Since lymphotropic herpesviruses like EBV, HHV-8, and HVS that code for a Bcl-2 homolog are potentially oncogenic, a role of the viral Bcl-2 in tumor formation might be expected. Prevention of apoptosis is frequently a component of tumor formation. Overexpression of cellular Bcl-2 due to a t(14;18) translocation leads to a follicular B-cell lymphoma (59). On the other hand, the expression pattern of HVS-Bcl-2 does not support a role of this protein in oncogenesis, since its expression is restricted to cultures with lytic replication: in human T cells transformed to stable growth by HVS, this virus persists episomally and only a limited number of genes are expressed (16, 30). HVS-bcl-2 is not transcribed in growth-transformed human T cells (31). These findings suggest that the main function of HVS-Bcl-2 is to prolong the life span of lytically infected cells, thereby increasing viral replication. Similar to HVS, the Bcl-2 homolog of HHV-8 is predominantly a lytic-cycle gene (6, 49). The EBV-encoded Bcl-2 is also expressed mainly during lytic replication, is dispensable for B-lymphocyte transformation in vitro (37), and is not expressed in posttransplantation lymphoproliferative disorders (42). Nevertheless, a role of herpesvirus Bcl-2 homologs in the initiation and development of certain tumors seems conceivable, since Bcl-2 may cooperate with cellular oncoproteins like c-myc and also viral oncoproteins like E1A to induce transformation (11).

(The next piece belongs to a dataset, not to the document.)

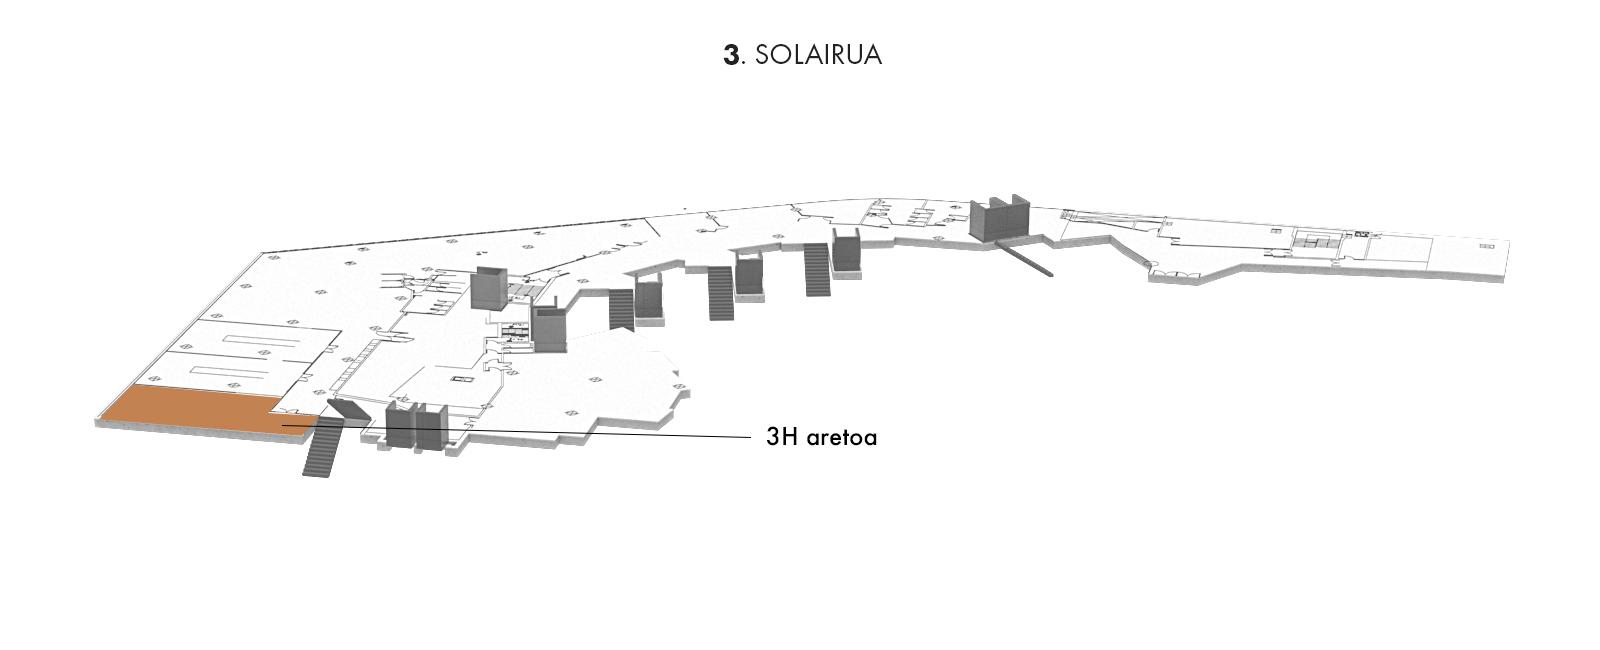 3H aretoa, 3. solairua   Palacio Euskalduna Jauregia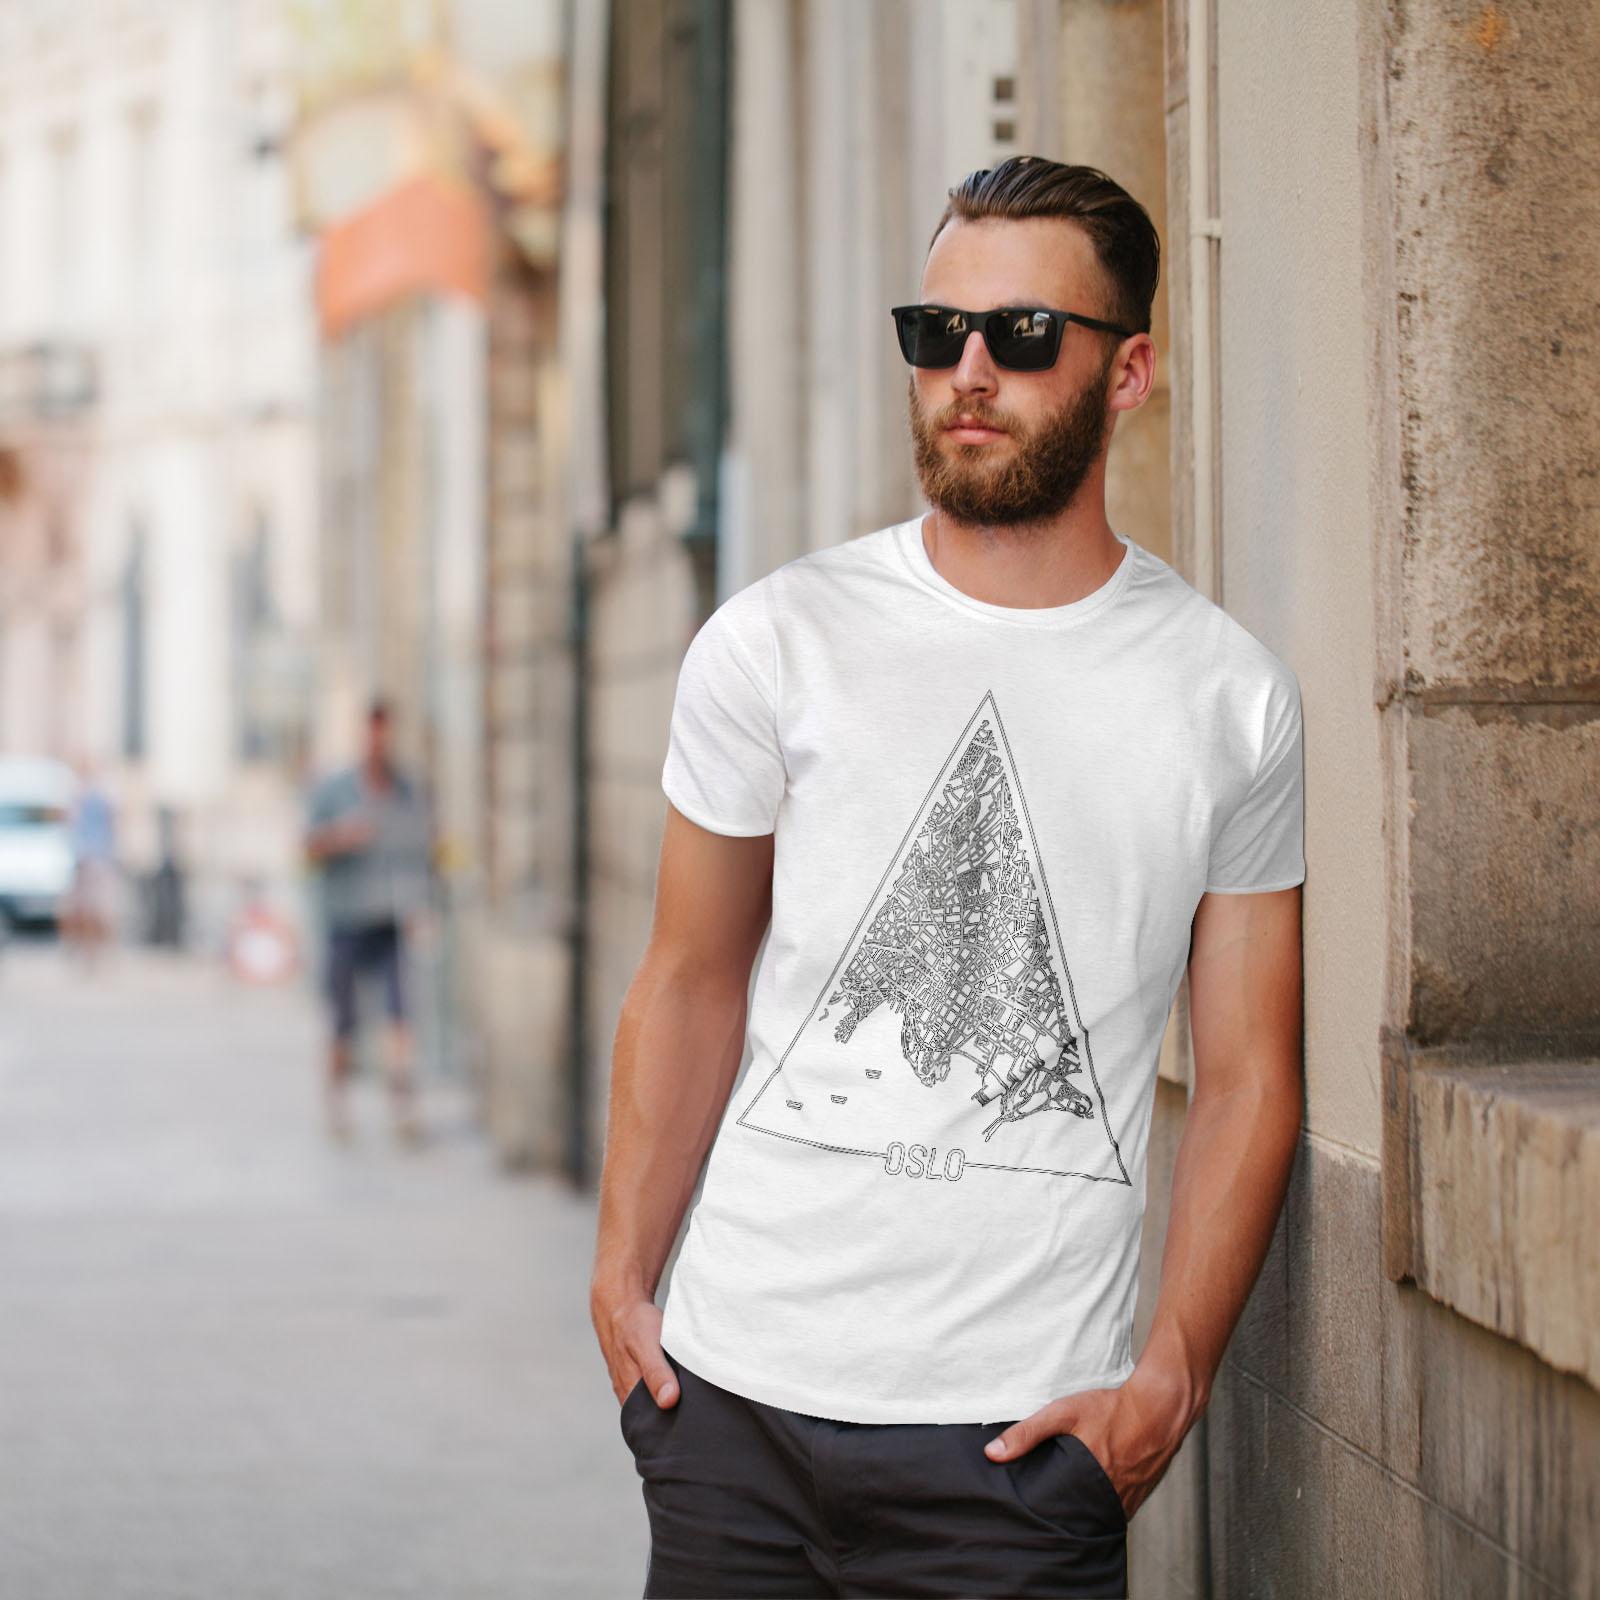 Wellcoda-Norvegia-Big-City-Oslo-da-uomo-T-shirt-Citta-design-grafico-stampato-T-shirt miniatura 11

Mode of action of HVS-Bcl-2.
We have analyzed the effects of HVS-Bcl-2 on the stability of mitochondria and on the activation of caspases. To assess the mitochondrial integrity, rhodamine 123, an indicator of mitochondrial membrane potential, was applied and the release of cytochrome c in the cytoplasm was determined. Both methods showed that the mitochondrial damage during the apoptotic process is blocked by HVS-Bcl-2. A disruption of mitochondrial integrity has been recognized as part of an apoptotic pathway induced by different cell death-inducing stimuli (36). Therefore, the stabilization of mitochondria by HVS-Bcl-2 is in line with the broad spectrum of antiapoptotic activity of HVS-Bcl-2.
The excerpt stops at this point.